Core Concepts
Different encoding techniques, including Ordinal, One-Hot, Rarelabel, String Similarity, Summary, and Target encoding, have varying impacts on the performance of entity and context embeddings in tabular learning tasks. The results show that String Similarity encoding generally outperforms the commonly used Ordinal encoding, especially for multi-label classification problems.
Abstract
The work examines the effect of different encoding techniques on entity and context embeddings in tabular learning. It starts by discussing discretization methods, including unsupervised (k-means) and supervised (decision tree) approaches, to handle continuous variables.
The paper then explores various encoding techniques, including Ordinal, One-Hot, Rarelabel, String Similarity, Summary, and Target encoding. These methods are used to transform categorical features into a numerical representation suitable for machine learning algorithms.
The experimental setup involves preprocessing 10 datasets from the UCI Machine Learning Repository, both binary and multi-label classification tasks. The datasets are first discretized using a decision tree-based approach, and then the different encoding techniques are applied.
Two neural network models are implemented: the Entity model, which uses parallel embedding layers, and the Context model, which incorporates a transformer-based encoder. The models are trained and evaluated using the preprocessed data, and the F1-score is used as the primary performance metric.
The results show that String Similarity encoding generally outperforms the commonly used Ordinal encoding, especially on multi-label classification problems. One-Hot, Rarelabel, and String Similarity encodings also outperform Ordinal encoding on several datasets. However, the improved performance comes at the cost of increased computation time, particularly for high-cardinality features.
The paper concludes by suggesting future research directions, such as investigating the impact of encoding techniques on neural networks with both continuous and discrete inputs, understanding the challenges of target encoding, and analyzing how the encoders affect the class structures captured in the entity and context embeddings.
Stats
"Discretization is conducted using a decision tree model due to the advantages it offers as mentioned in the last paragraph of section II."
"To perform discretization, the mean accuracy divided by the standard deviation of the cross-validated model is used to choose a suited α."

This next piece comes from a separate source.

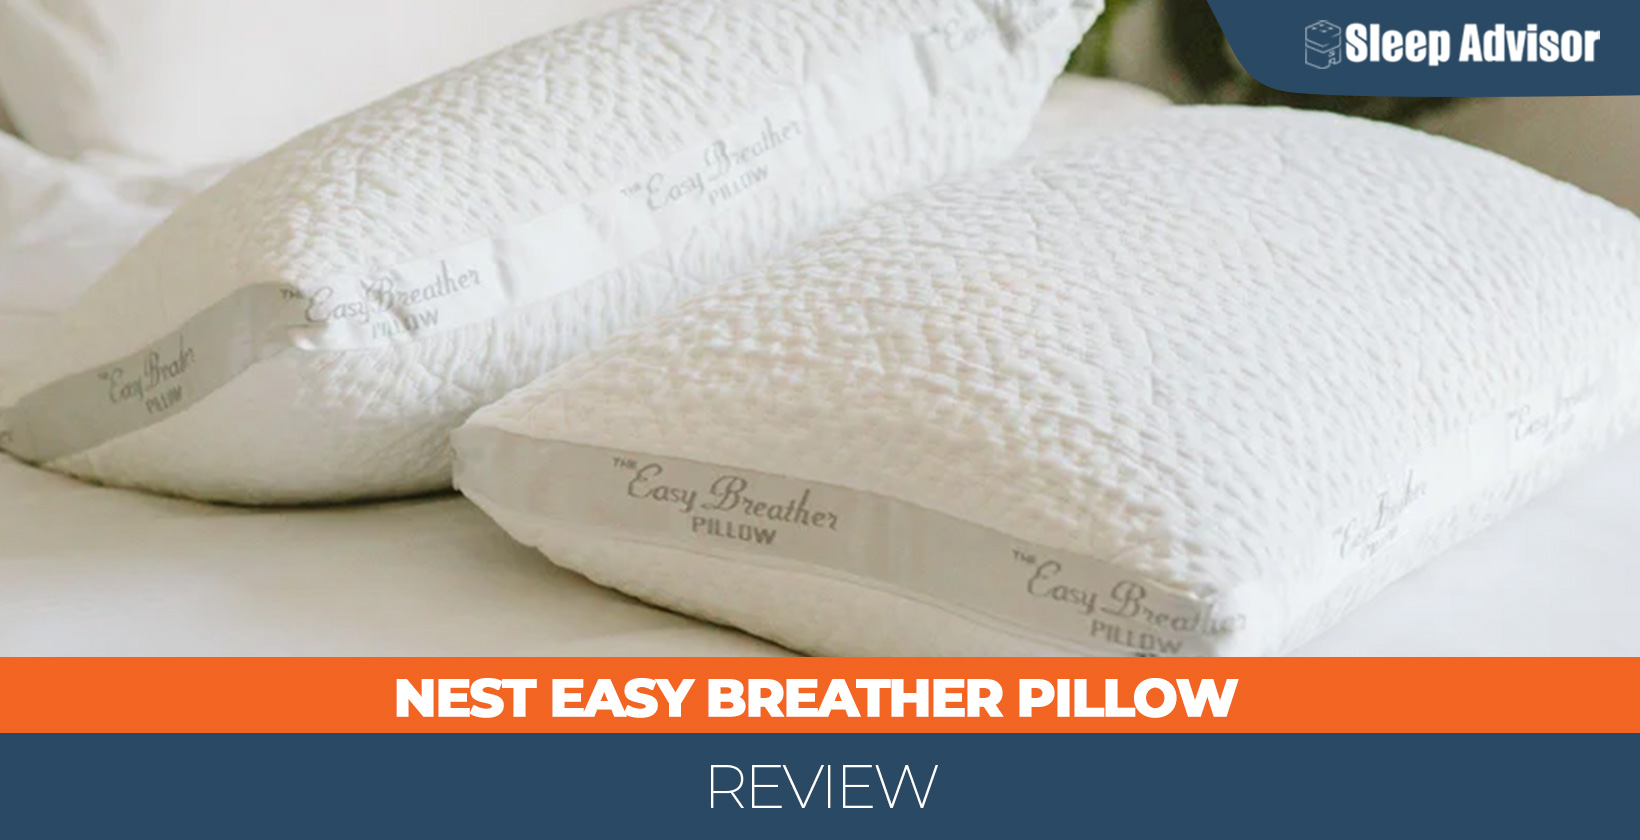 Our in depth overview of the Nest Easy Breather Pillow

"The remaining nodes represent the bin edges for interval construction, where each value of the continuous variable is assigned to the corresponding bin."
Quotes
"String similarity encoding compares class names in order to form a similarity matrix. While many methods exist to compare two strings with each other[28], the Jaro-Winkler similarity[29] will be given as an example."
"Returning loss, accuracy and the prediction probabilities to form metrics as well as keeping track of the training time builds the foundation for the evaluation process."